* [Material provided]

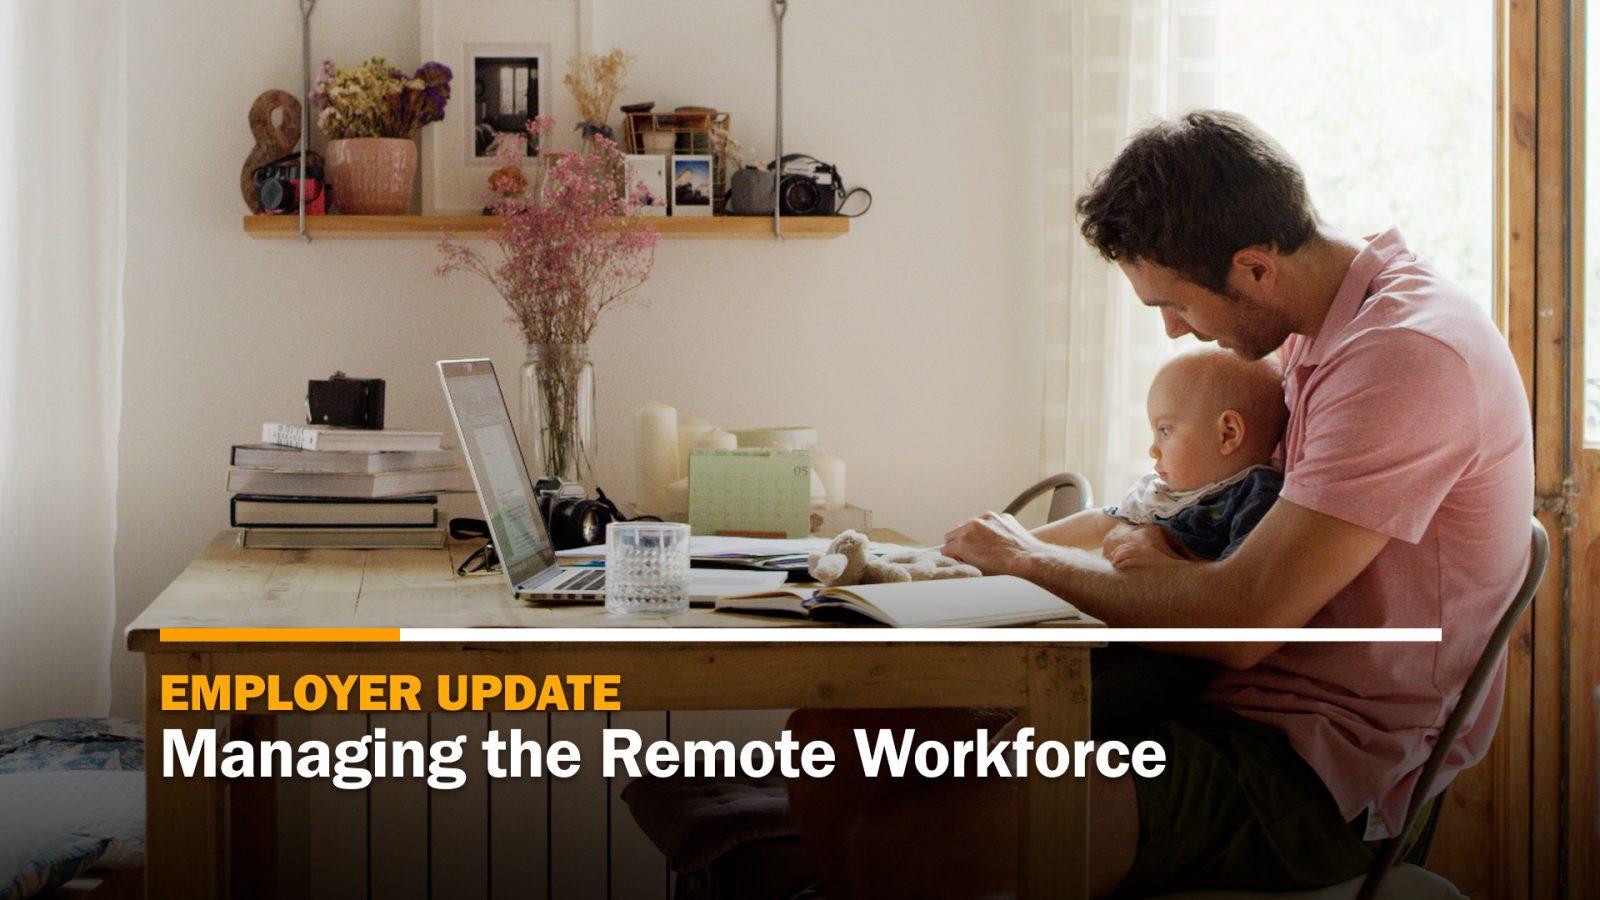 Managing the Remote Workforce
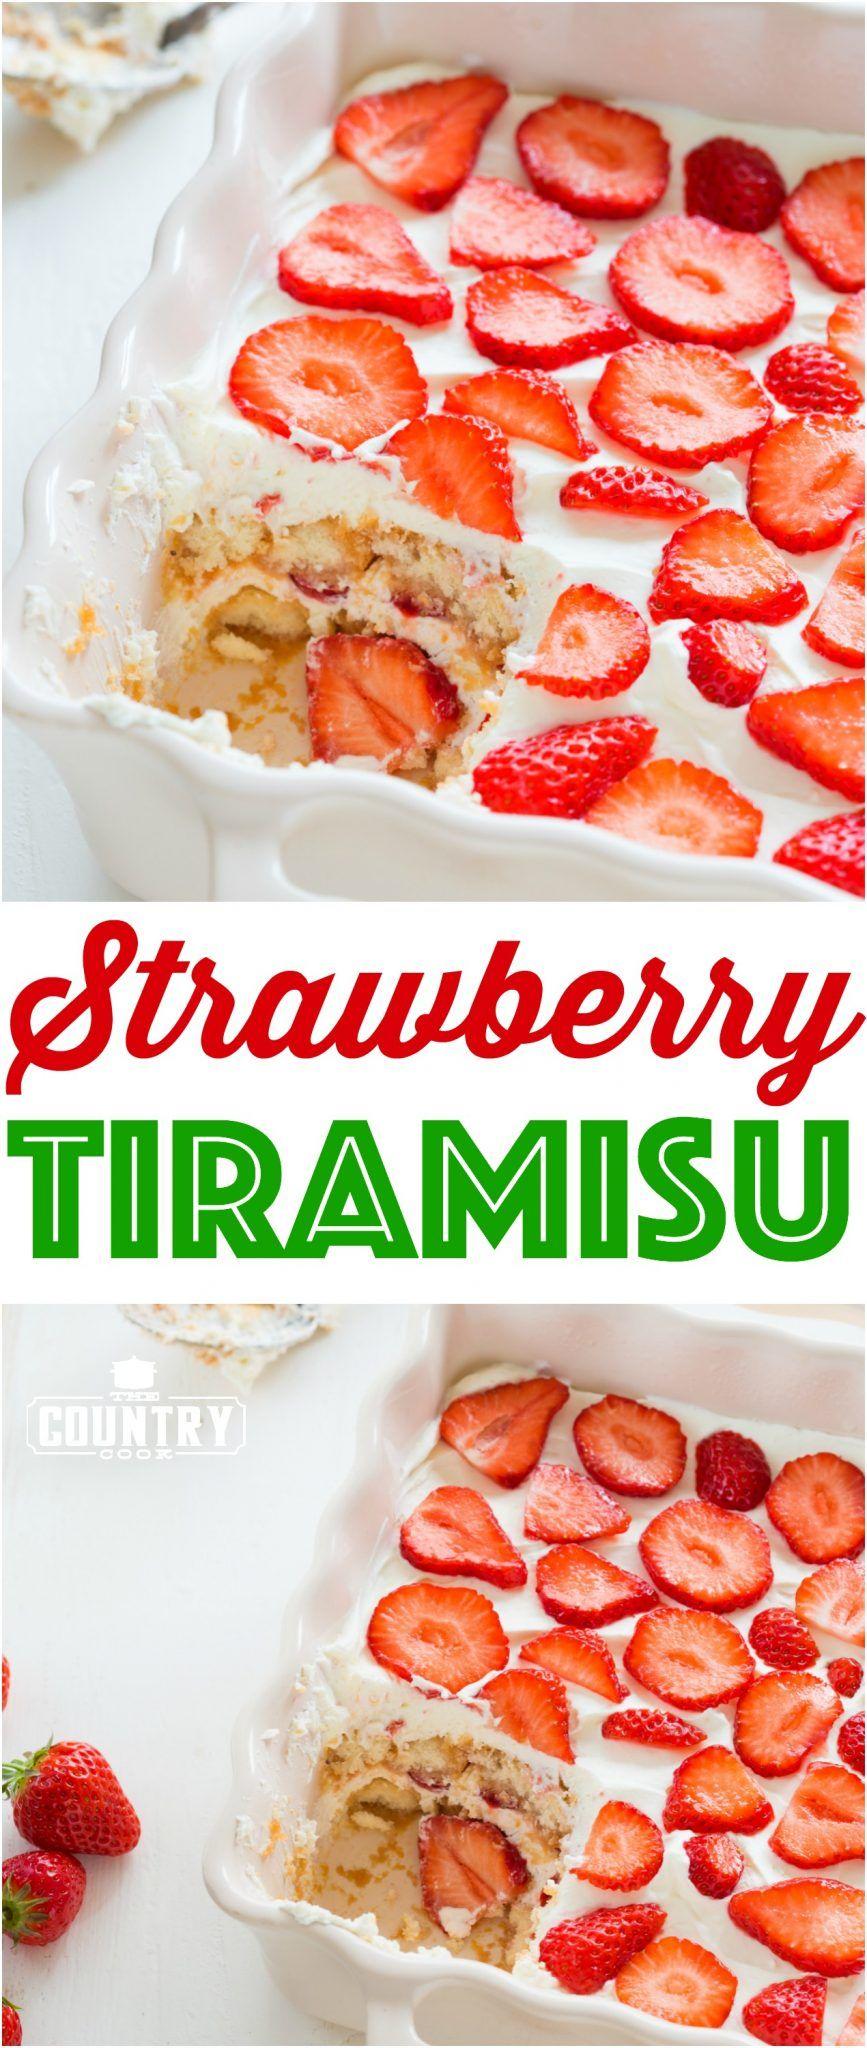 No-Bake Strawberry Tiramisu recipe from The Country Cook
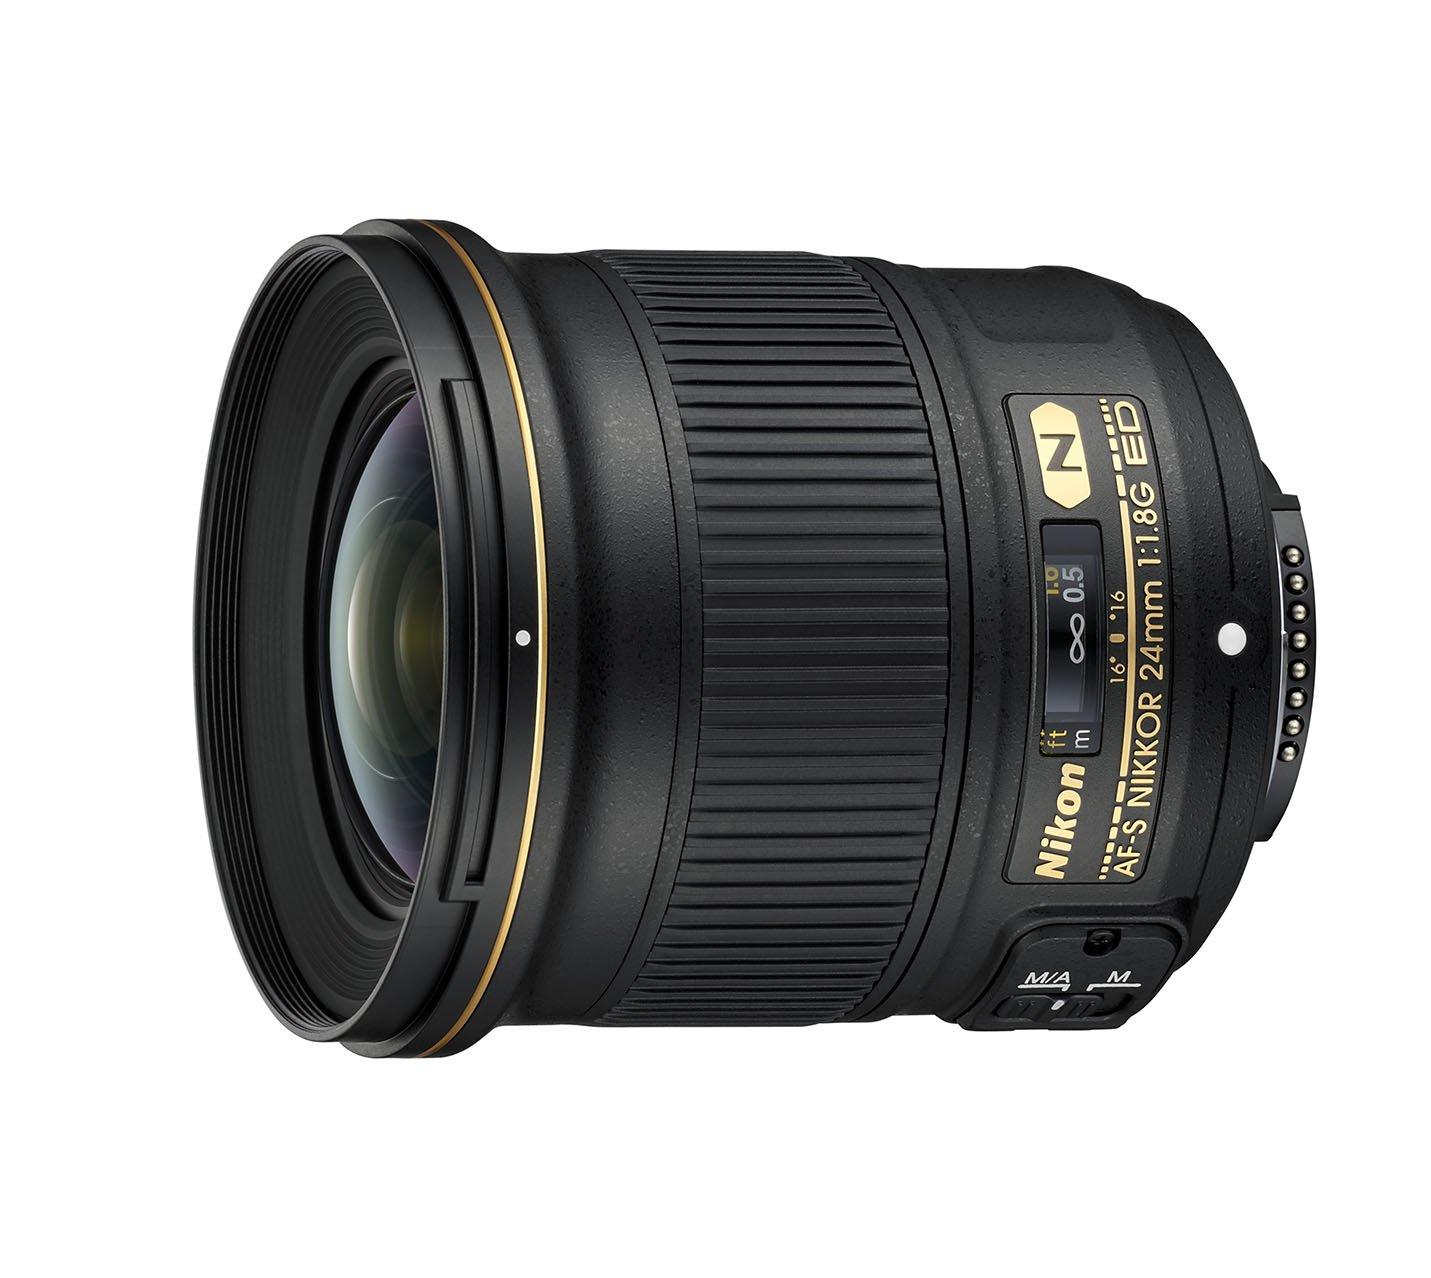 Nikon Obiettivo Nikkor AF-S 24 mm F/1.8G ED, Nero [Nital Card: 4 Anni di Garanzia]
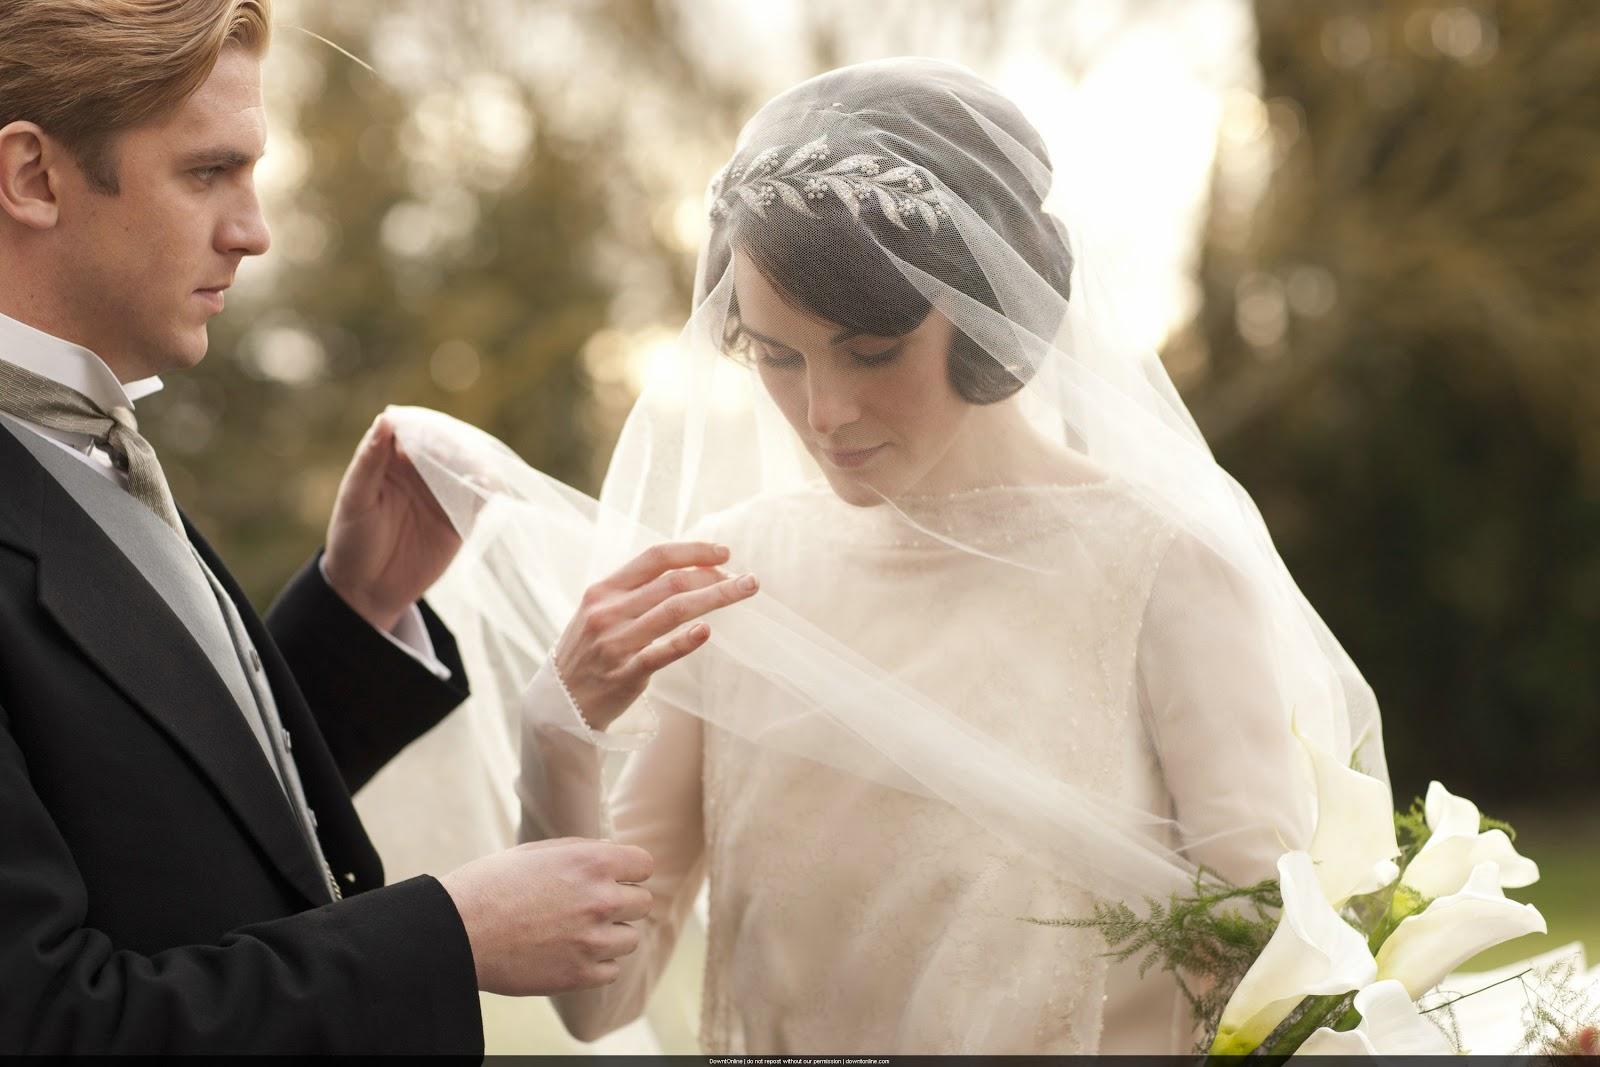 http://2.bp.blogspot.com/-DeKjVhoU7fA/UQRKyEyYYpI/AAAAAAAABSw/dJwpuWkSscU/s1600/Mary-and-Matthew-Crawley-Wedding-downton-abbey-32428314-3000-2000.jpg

* [Requirement] When you retype the listing above, keep each line exactly as written and drop the pictures.

* [Output of the task]
 Managing the Remote Workforce
 No-Bake Strawberry Tiramisu recipe from The Country Cook
 Nikon Obiettivo Nikkor AF-S 24 mm F/1.8G ED, Nero [Nital Card: 4 Anni di Garanzia]
 http://2.bp.blogspot.com/-DeKjVhoU7fA/UQRKyEyYYpI/AAAAAAAABSw/dJwpuWkSscU/s1600/Mary-and-Matthew-Crawley-Wedding-downton-abbey-32428314-3000-2000.jpg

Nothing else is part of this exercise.